View Full Version : Can you tell what stance a tank is using?


Finu
29-09-2006, 04:54 PM
In a raid, during a battle (not after via combat log, SWStats etc)?

Other then if you see him shield block (buff on him)/if you see the shield block animation, which you should, meaning that he's in defensive?

Morail
29-09-2006, 06:01 PM
Taunt and shieldblock are good giveaways. No visual way to tell unless he switch stances theres icons above his head briefly.

xmuskrat
29-09-2006, 08:20 PM
Taunt and shieldblock are good giveaways. No visual way to tell unless he switch stances theres icons above his head briefly.

I liked WC3. You could tell defensive stance if they looked like they were trying to take a dump.

Seluhir
29-09-2006, 08:40 PM
Abilities are really your best bets for telling... whirlwind = zerker, taunt/shield block = defensive, mocking blow/thunderclap = arms(for a few examples)

Thors
09-10-2006, 01:28 PM
Huh, pardon my noobness....

But why would you need to know that? :ponder:

I'm the tank (well, when I play my warr :grin: ) and I don't see why other members of the party would need to know which stance I'm in.

Twoflower
09-10-2006, 06:32 PM
to be able to point theyr fingers at you and yell "his fault his fault, he was in zerker stance when we wiped"

Aesop
09-10-2006, 07:22 PM
If that is what you are failing at ... buy a new tank please :)

ruinz
09-10-2006, 08:21 PM
But why would you need to know that? :ponder:

I'm the tank (well, when I play my warr :grin: ) and I don't see why other members of the party would need to know which stance I'm in.

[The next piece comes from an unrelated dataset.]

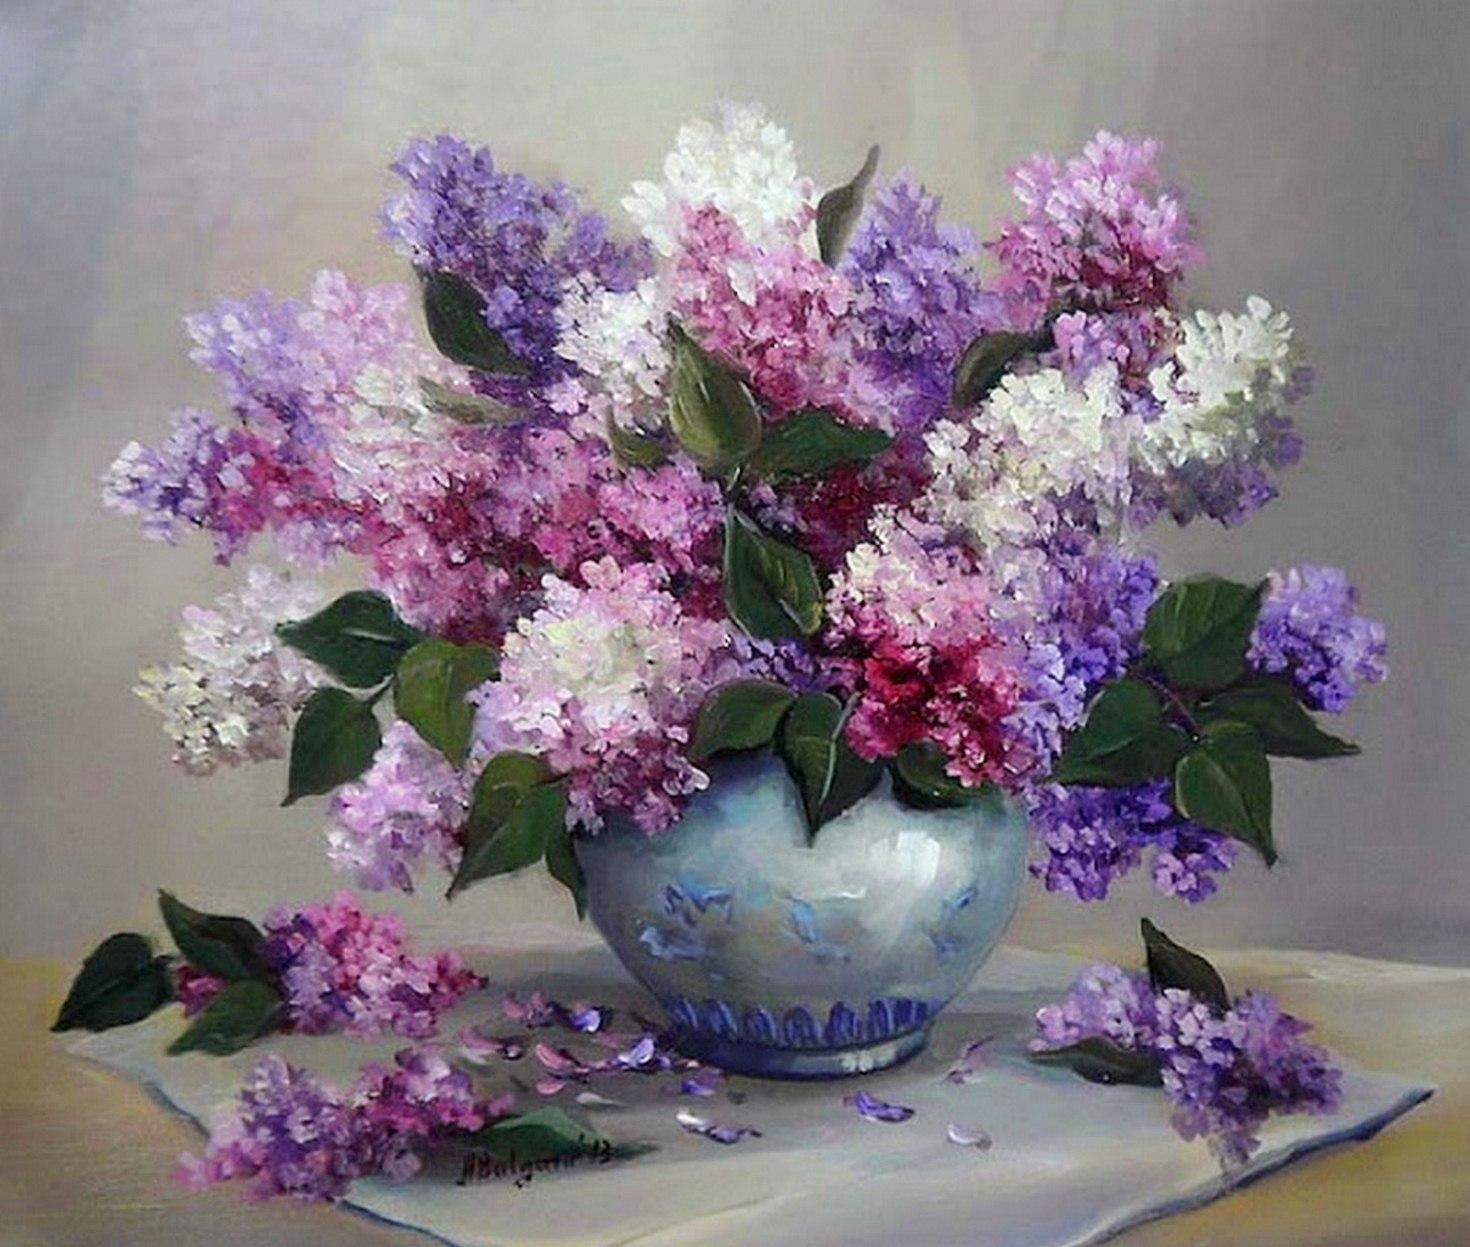 Cuadros, pinturas, oleos: Pinturas de Jarrones de Flores

You're not being a noob, that would be my question as well. Whilst I'm perhaps unfairly second-guessing the OP, it sounds distinctly like the sort of question asked by someone who wants to tell other people how to play their character.

Personally, I think whenever anyone dictates such things to you, you can tell them that the day they pay your monthly fee is the day they get to tell you how to play.

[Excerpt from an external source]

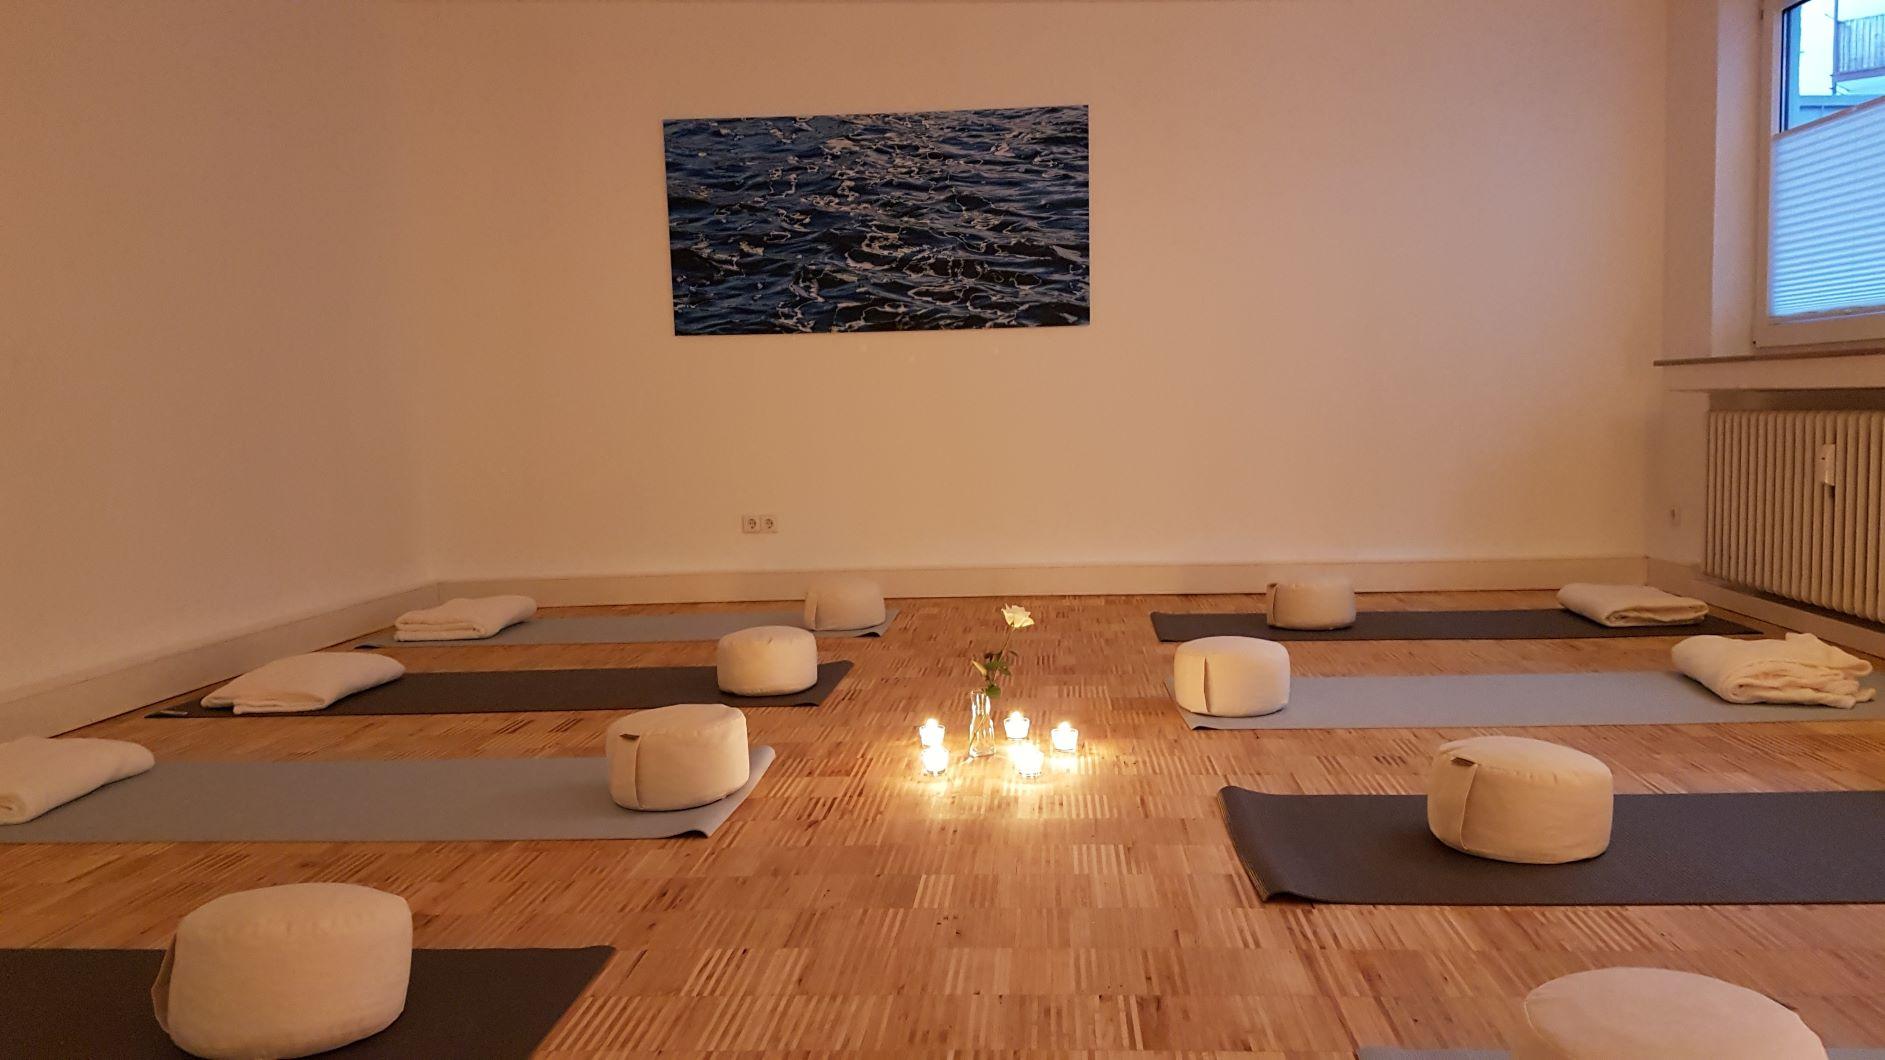 Raum am Fluss – Raum Yoga MBSR

As Twoflower says, people love to find someone and blame a wipe on them with very little logical justification. Due to mob psychology, other idiots will often join them in the finger-pointing once it's started. Logs encourage this because people will see that so-and-so cast such-and-such spell and they will magically determine this was thus the cause of the entire wipe (often when there's no possible way it was the case).

I saw a great case of this a few days ago, watching a deeply pathetic ZG raid over a friend's shoulder. They were all using an autoheal mod (SIGH) because the Priest Class Leader insisted they must (SIGH) except my friend, who was a non-member who had been added to the raid because they seemed to be having so many problems. The Priest Class Leader (who later proved their amazing stupidity by insisting that the Mages were failing to decurse Mortal Strike - SIGH) attempted to pin all the blame on a wipe on my friend for not having the right mods, despite the fact that we could plainly see she was the only thing keeping the raid alive at all (as all the other healers kept healing the same target at once for zillions of HP more than it had!). At least in this case no-one joined in the finger-pointing, but it's clear that people in WoW will seize any excuse or percieved "fault" to use to as a blame-weapon in the fallout following any kind of difficulty or wipe.

It also serves to show, given that Priest Class Leader's later actions, just how stunningly stupid most people who try to tell others of different or even sometimes the same classes how to play themselves are. A guild I was in had a Mage who'd once been a 60 Priest, and who insisted on attempting to dictate how the Priests should play (despite being a spaz as a Mage and giving very poor advice to the Priests). She'd never shut up, and the guild leadership, none of them being Priests themselves never understood quite how stupid and unecessary her "advice" was.